Multirate signal processing techniques and CORDIC subsystems deliver efficient solutions for synchronization tasks, i.e., carrier recovery, matched filtering, timing recovery, and phase detection.

# 1.6 Modern Receivers - state-of-the-art

Many companies designing radio receivers and transmitters are still using analog solutions which they have directly translated into the digital domain. These legacy designs include compromises which were appropriate for their time (e.g., traditional analog filters trading off amplitude- and phase responses for filter order), but it is inefficient to map such compromises directly into the digital domain. Therefore, new design methodologies which can lead to more efficient DSP based architectures for digital front-ends, and which can efficiently utilize promising new hardware technologies, e.g., FPGAs, are highly needed. A digital filter can often perform more than its intended primary filtering task. It can absorb many of the secondary signal processing tasks of a system. There are many ways of folding other functions into the filtering process using multirate signal processing techniques, which will be presented here.

In a  $2^{nd}$  generation radio receiver, the sequence of operations (in a digital replica of the analog operations performed in a  $1^{st}$  generation receiver) is frequency translation, filtering, and sample rate conversion. In  $3^{rd}$  generation of radio receivers [33], as shown in Fig. 1.14, the process of translation and filtering are interchanged according to the Equivalency Theorem [30] which states that down-conversion followed by baseband filtering is the same as the filtering at the carrier followed by down-conversion. This reordering operation is shown in Fig. 1.15.

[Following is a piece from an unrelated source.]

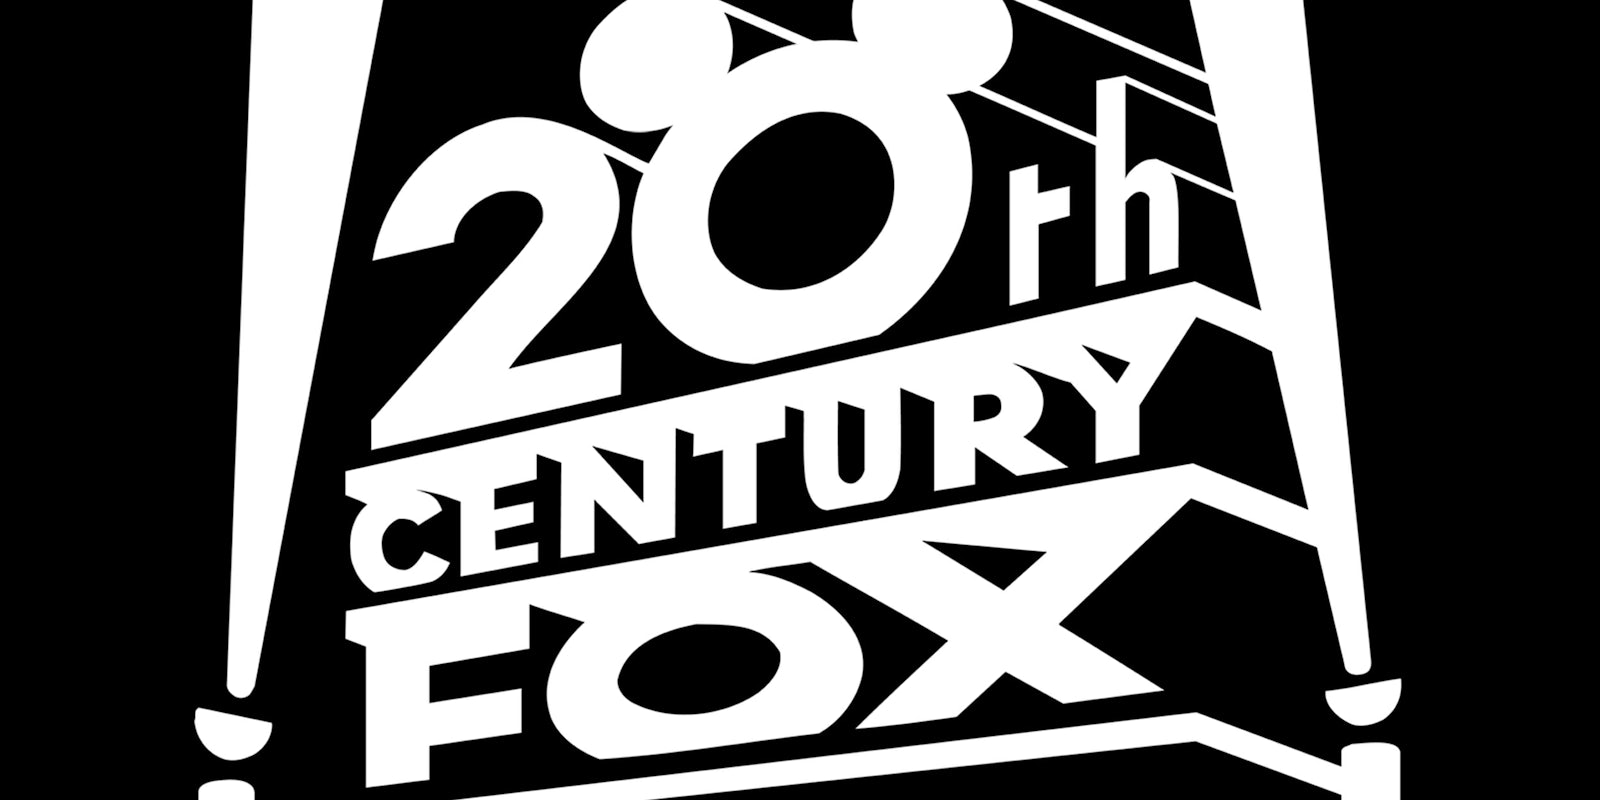 20th Century Fox with the 0 in '20th' wearing Mickey Mouse ears

Figure 1.14: 3<sup>rd</sup> generation of radio receiver architecture.



Figure 1.15: The Equivalency Theorem - down-conversion followed by baseband filtering is the same as filtering at the carrier followed by the down-conversion.

So, rather than moving the desired band to baseband with a complex digital heterodyne,

the baseband filter is moved to the desired center frequency and filtering is performed to reduce the bandwidth at the digital IF frequency. The resultant reduced bandwidth, complex IF signal is image free and can be down-sampled M-to-1, to its appropriate Nyquist rate  $f_s/M$ . The down-sampling results in aliasing of the center frequency to a new spectral position. The down-sampling can alias the IF frequency directly to the baseband provided that the IF frequency is positioned at a multiple of the output sample rate [30]. A signal having an offset from a multiple of the output sample rate is also aliased to baseband plus that offset. This offset can then be removed with a carrier recovery scheme while operating at the reduced sampling rate. The rearrangement of the processes is shown in Fig. 1.16 which results in the advantage that the spectral translation now occurs after the filtering and at the low output rate rather than before the filtering at the high input rate [33].



Figure 1.16: Reordering process that moves the down-conversion after the filtering and resampling process.

The M-to-1 down-sampling after the filtering at IF discards the processed samples which wastes the computational power used by the filter. To reduce this workload, the resampling and the filtering operations are reordered so that one output is computed for every M input samples. This is achieved by applying the Noble identity as was shown in Fig. 1.5 which requires the original up-converted filter to be partitioned to M subfilters. The reordering of the M-partitioned subfilters (lowpass filter) and resampler using the Noble Identity results in a polyphase filter, as shown in Fig. 1.17. It has the resampler at the input (a rotary switch which, as previously mentioned, is denoted by the commutator) feeding M subfilters one at a time which operate at the reduced output rate rather than the original input rate. As the subfilters operate sequentially, they can be merged into a single path structure having a subfilter that accesses the coefficients of the successive M subfilters.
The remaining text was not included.